# TO DO
A verbatim copy of the data is wanted, minus any picture in it.

# COLLECTED MATERIAL
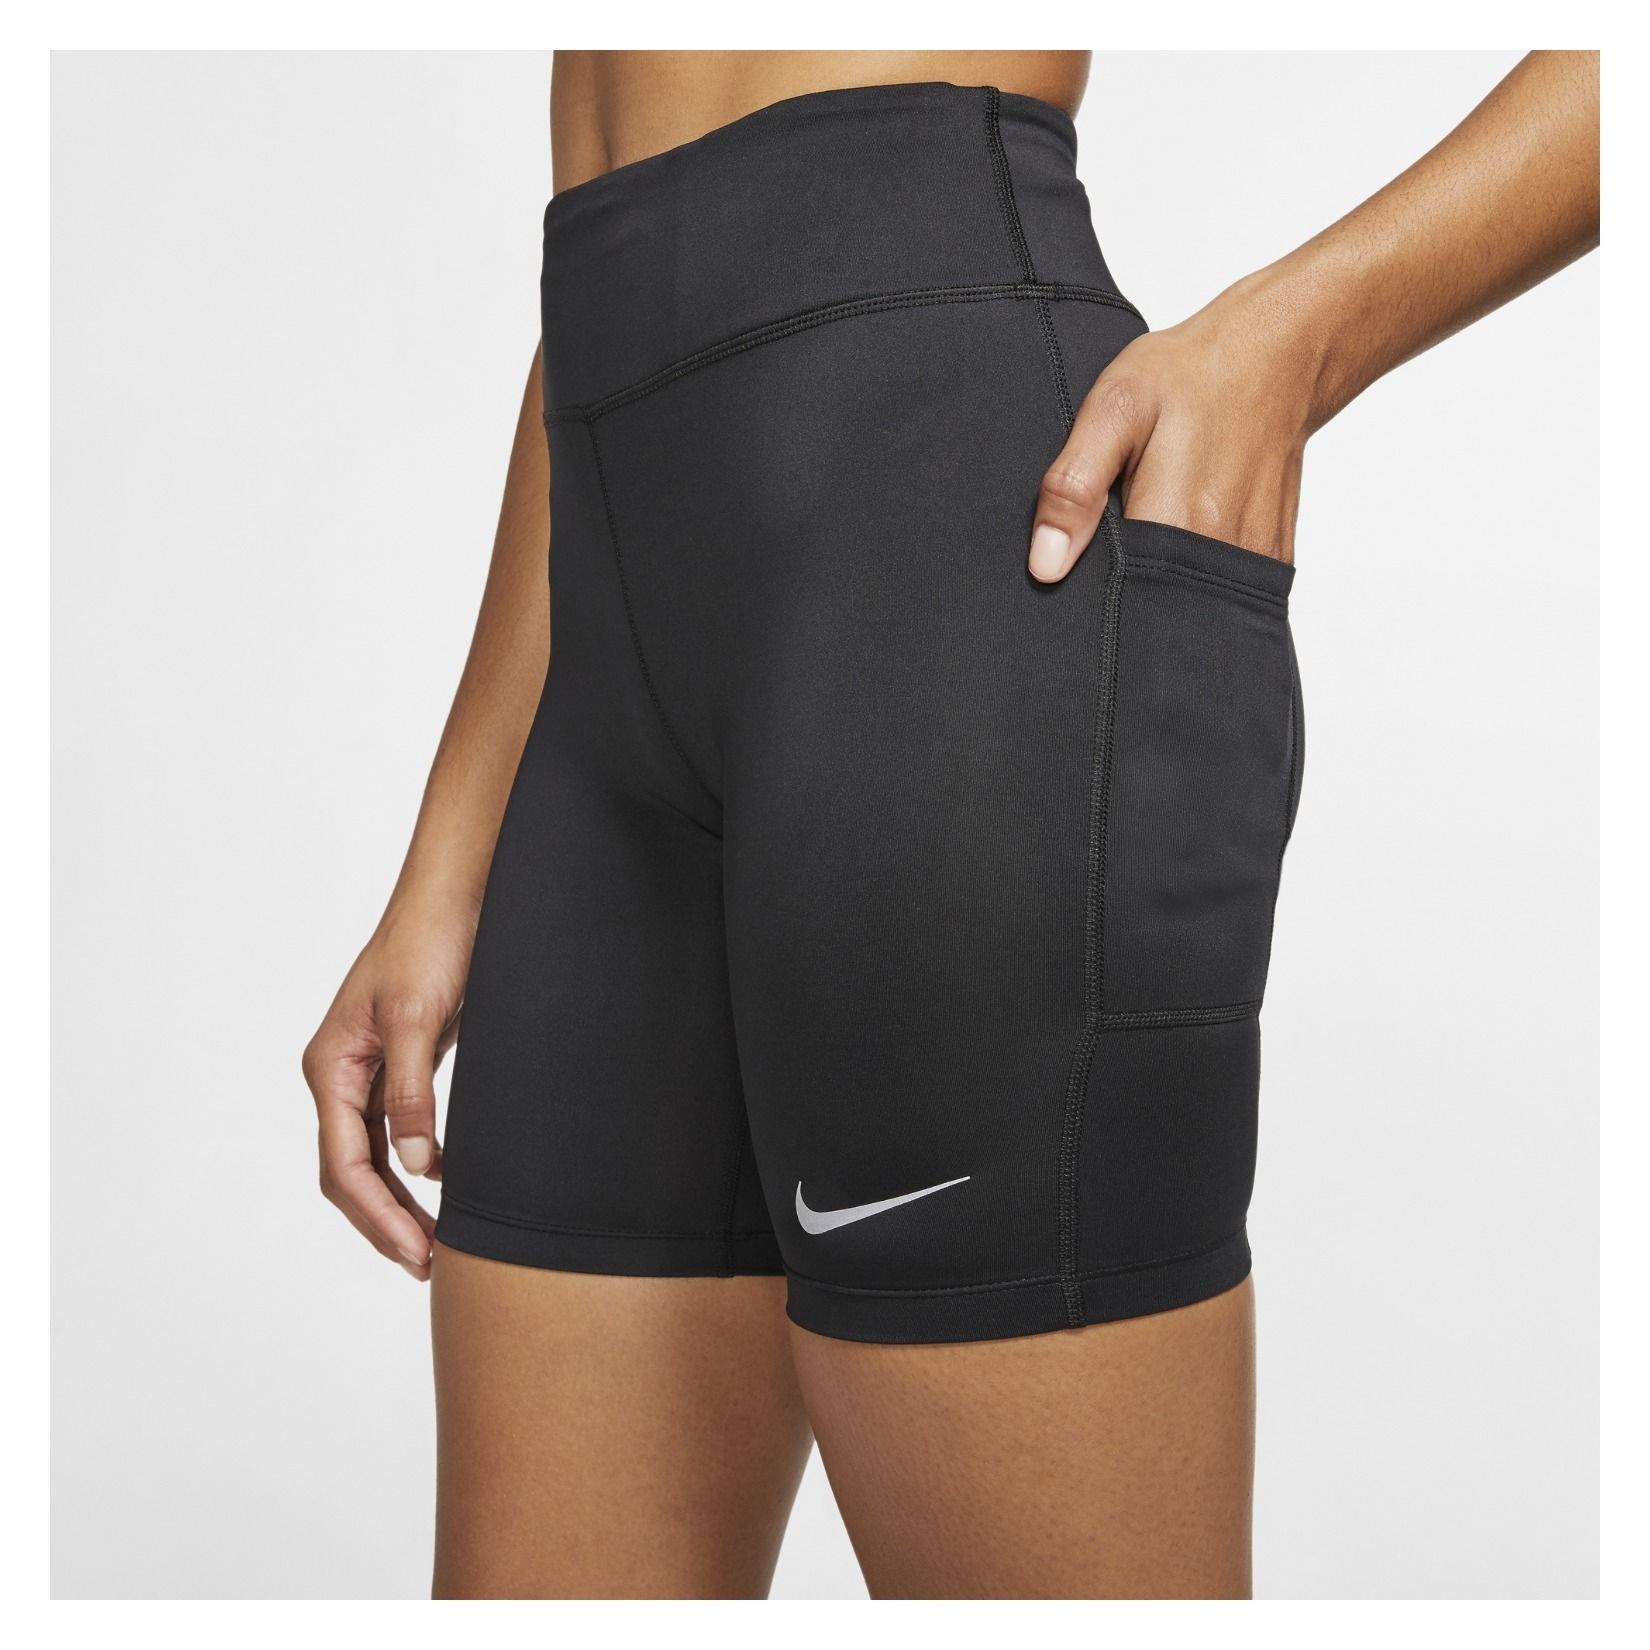 Nike Womens Fast Running Shorts - Kitlocker.com
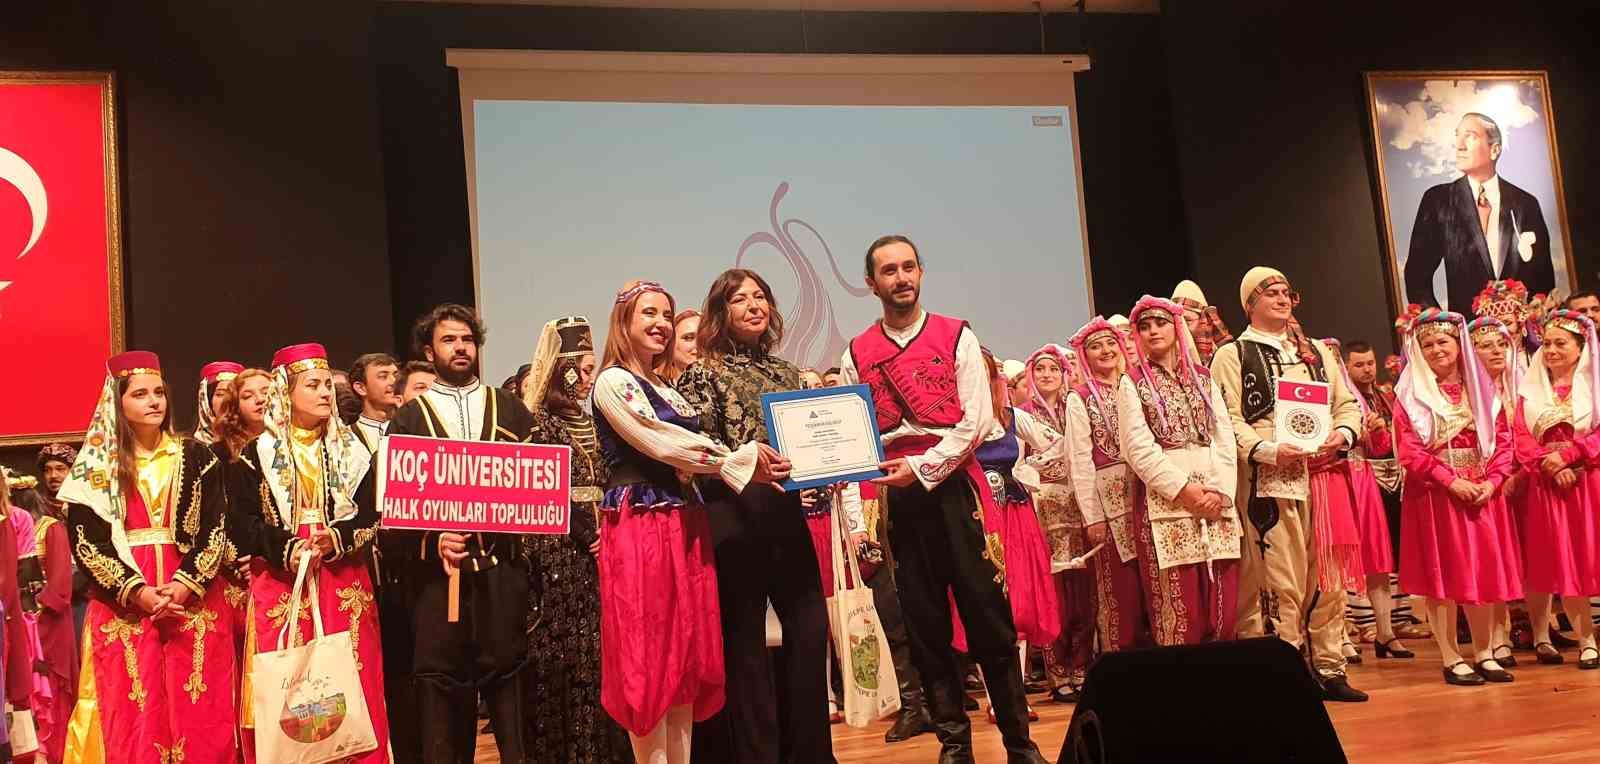 15 uluslararasi folklor festivalinde buu ruzgari 0 lPZauQbQ
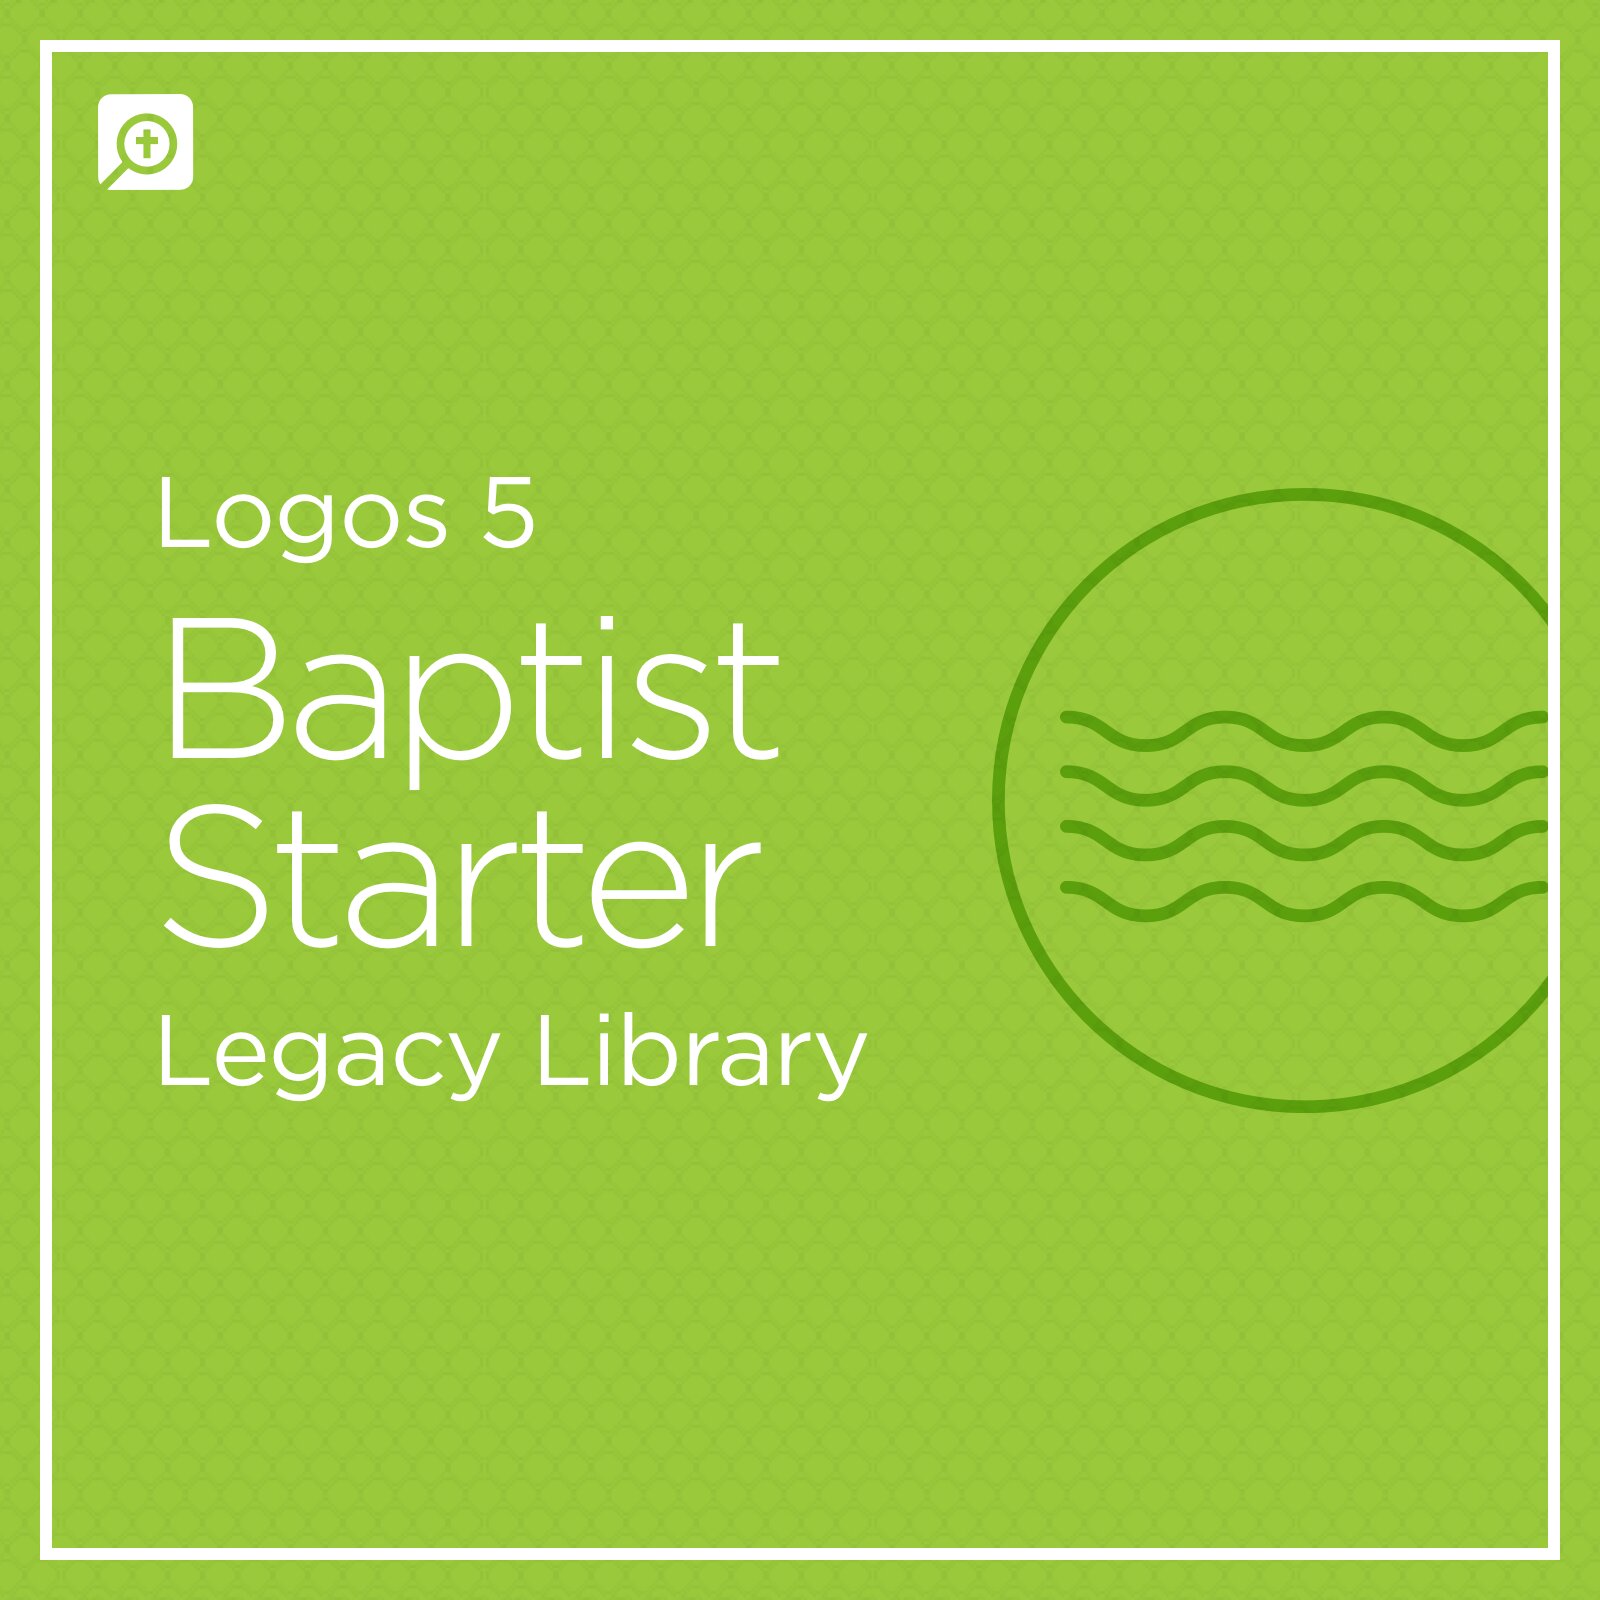 Logos 5 Baptist Starter Legacy Library

# WRITTEN SOLUTION
 Nike Womens Fast Running Shorts - Kitlocker.com
 15 uluslararasi folklor festivalinde buu ruzgari 0 lPZauQbQ
 Logos 5 Baptist Starter Legacy Library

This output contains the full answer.